◆ Task requirements
Once the pictures have been set aside, copy every remaining entry exactly.

◆ Extracted entries
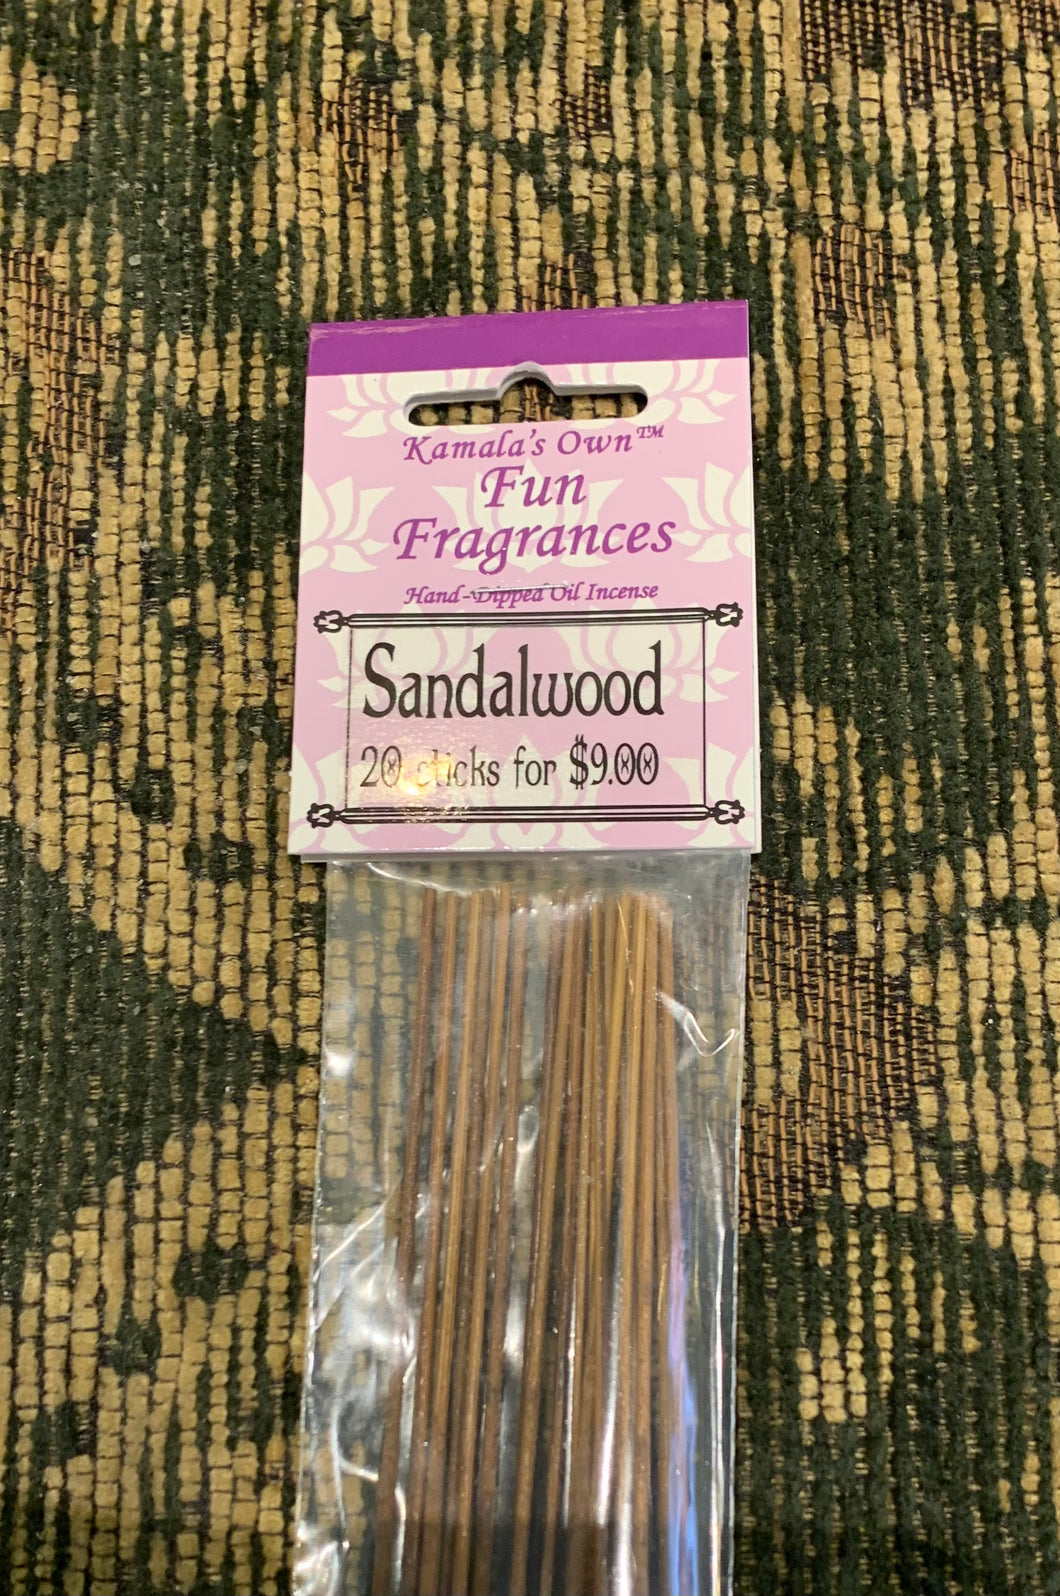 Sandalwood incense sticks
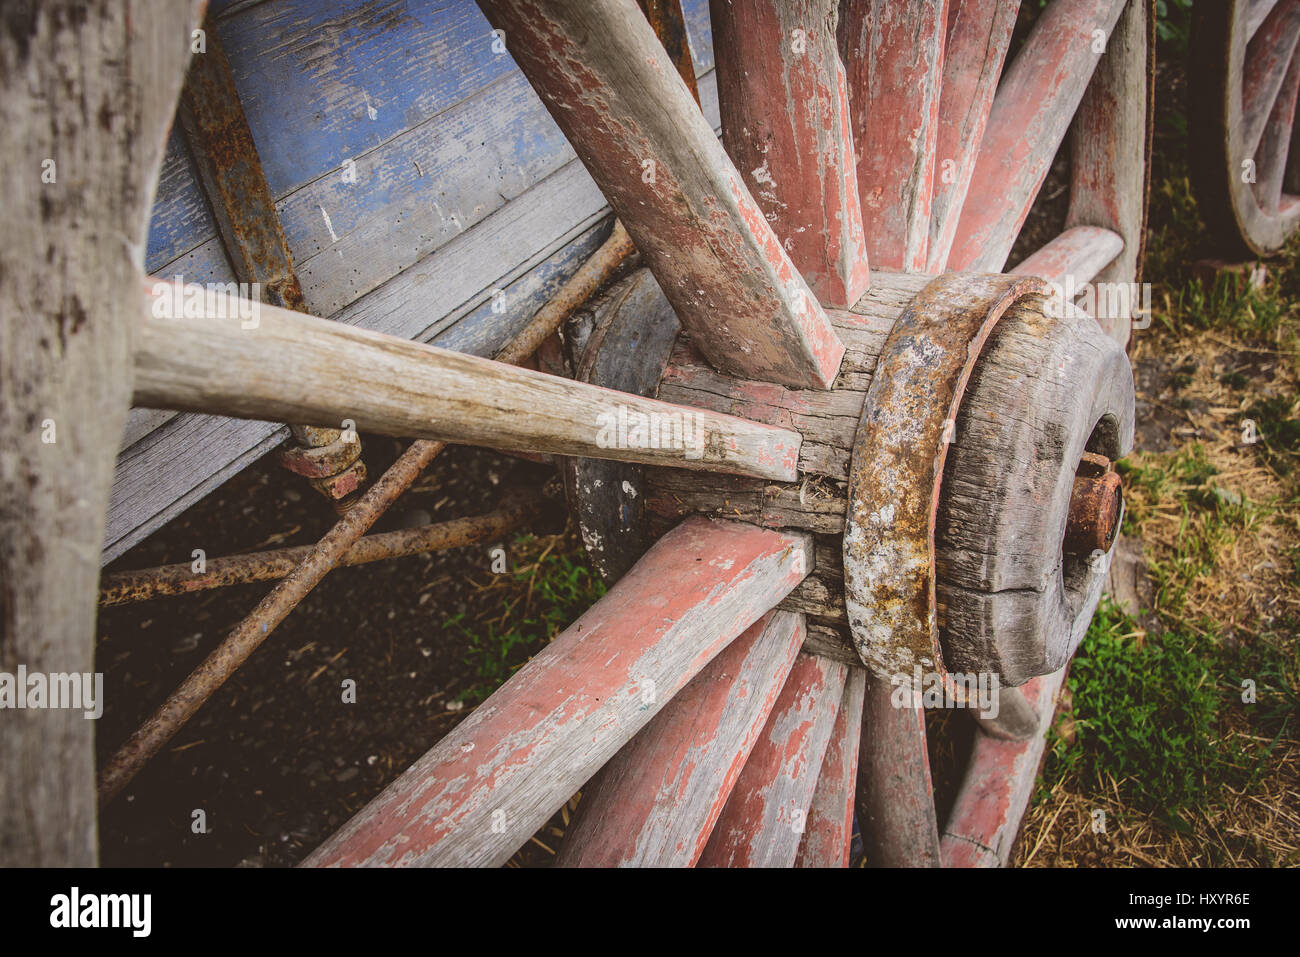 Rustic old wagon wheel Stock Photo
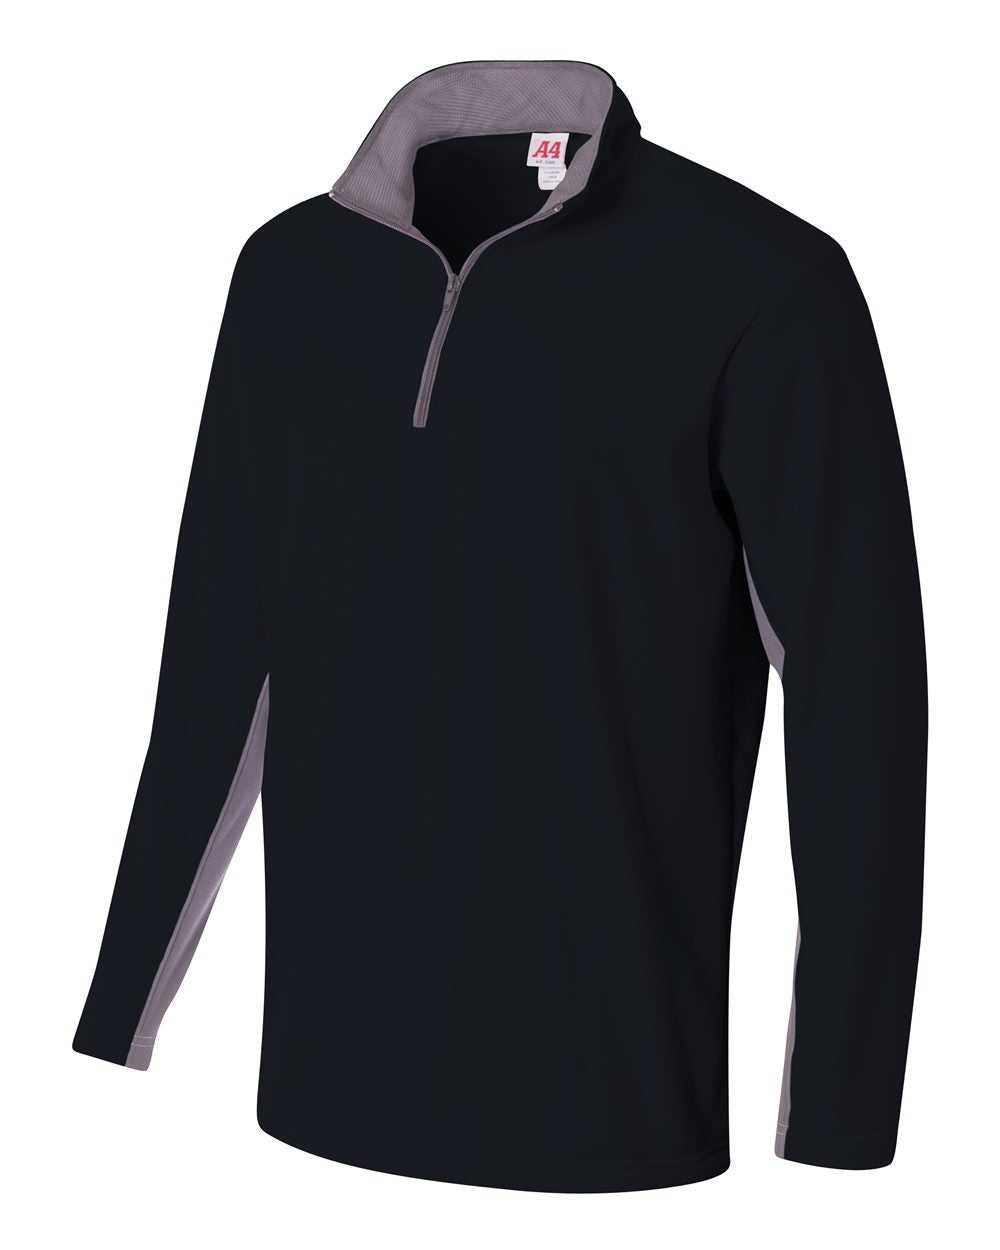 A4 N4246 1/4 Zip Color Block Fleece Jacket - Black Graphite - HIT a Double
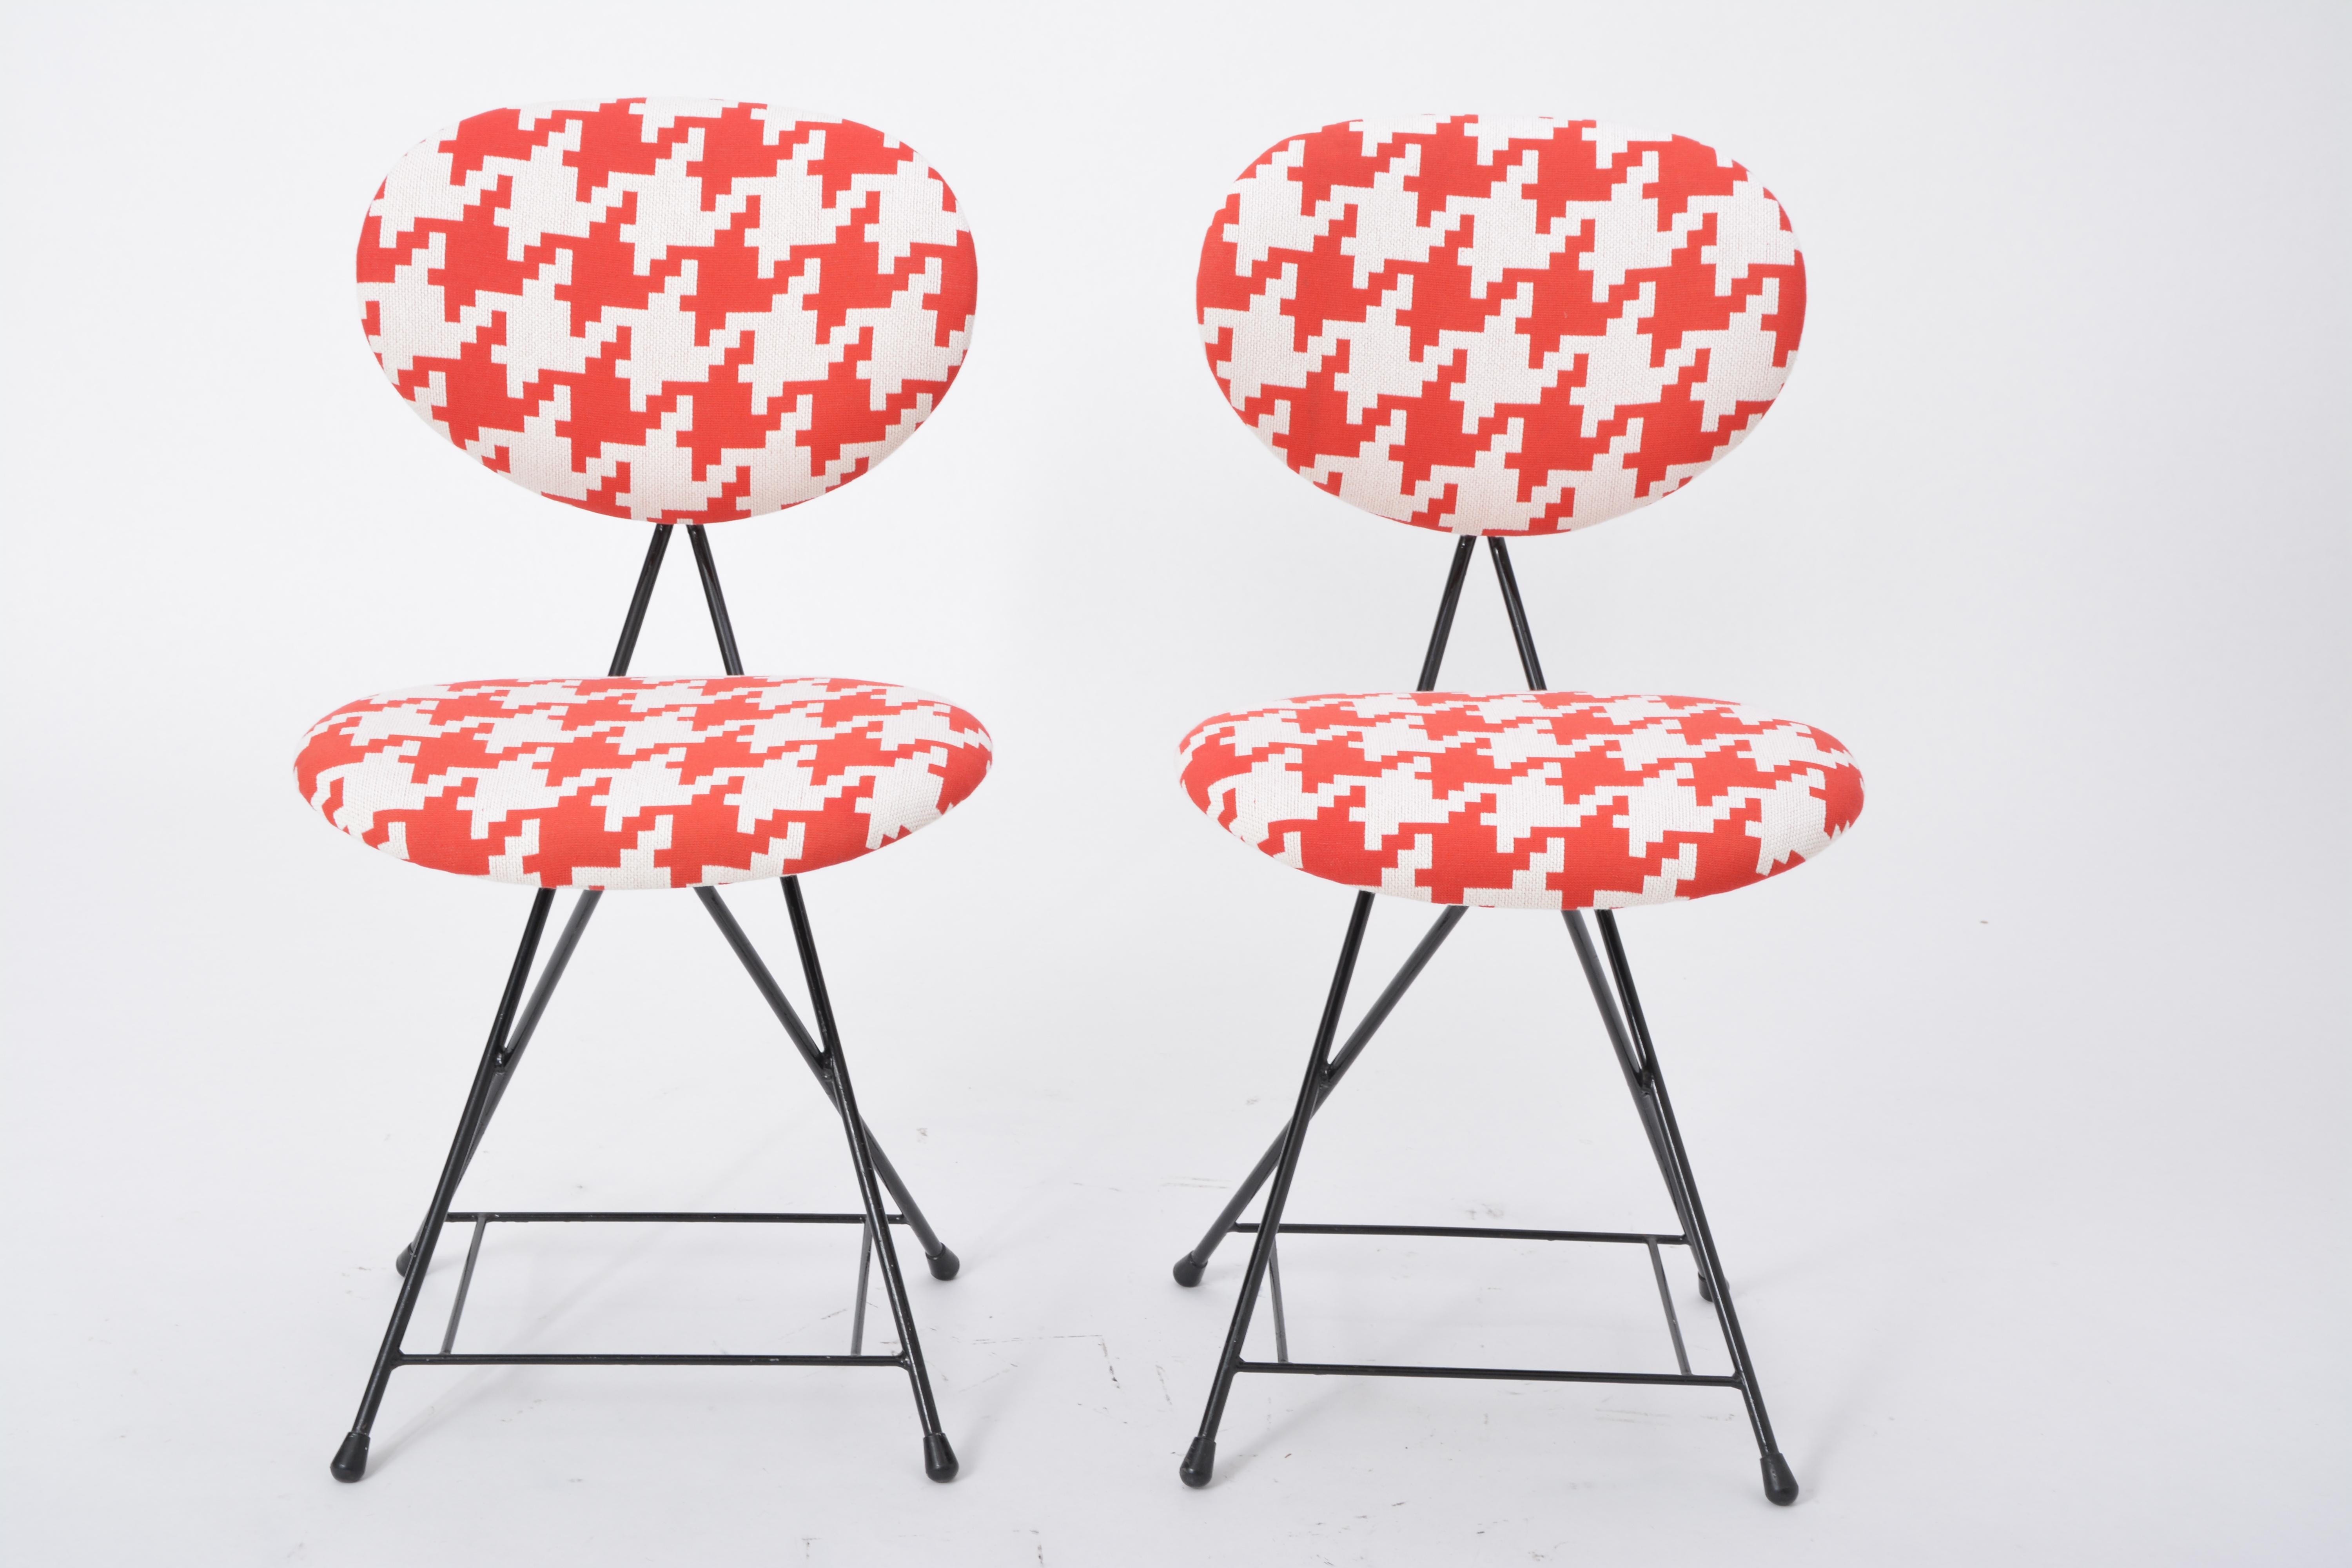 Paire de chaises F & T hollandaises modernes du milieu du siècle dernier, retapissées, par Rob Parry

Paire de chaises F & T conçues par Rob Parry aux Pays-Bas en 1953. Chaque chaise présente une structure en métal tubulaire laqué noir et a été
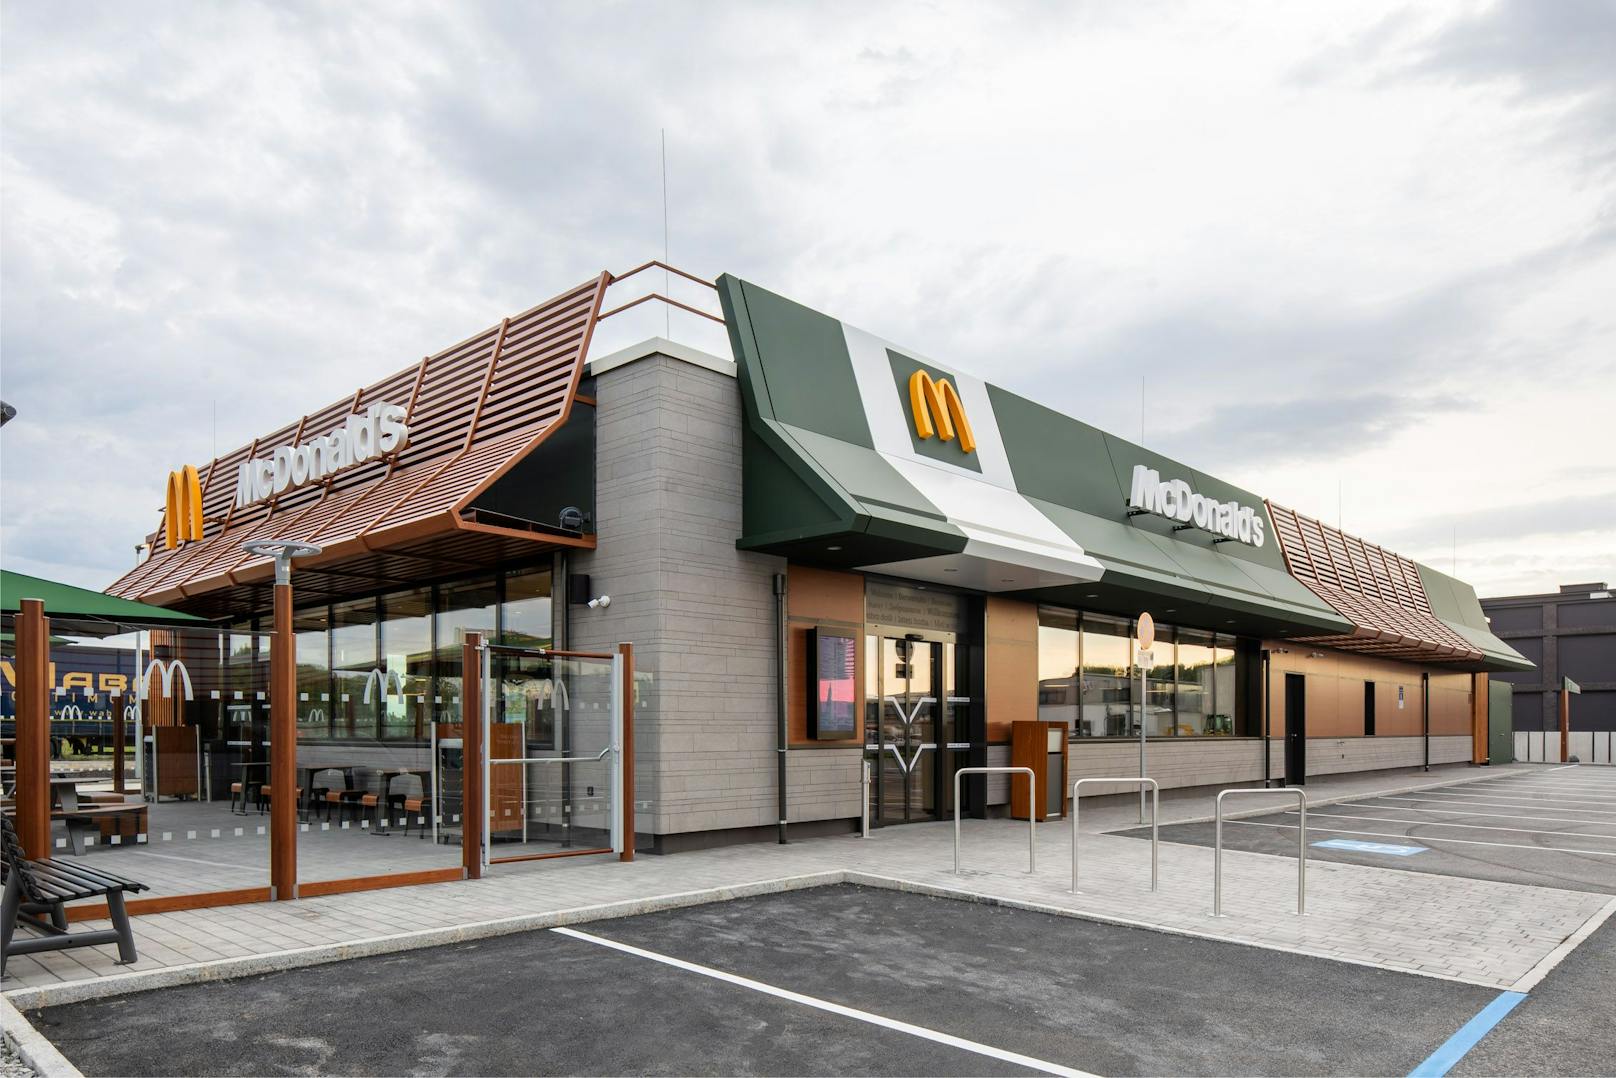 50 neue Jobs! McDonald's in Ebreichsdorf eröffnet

◆ Exercise result
 Sandalwood incense sticks
 Rustic old wagon wheel Stock Photo
 A4 N4246 1/4 Zip Color Block Fleece Jacket - Black Graphite - HIT a Double
 Paire de chaises F & T hollandaises modernes du milieu du siècle dernier, retapissées, par Rob Parry

Paire de chaises F & T conçues par Rob Parry aux Pays-Bas en 1953. Chaque chaise présente une structure en métal tubulaire laqué noir et a été
 50 neue Jobs! McDonald's in Ebreichsdorf eröffnet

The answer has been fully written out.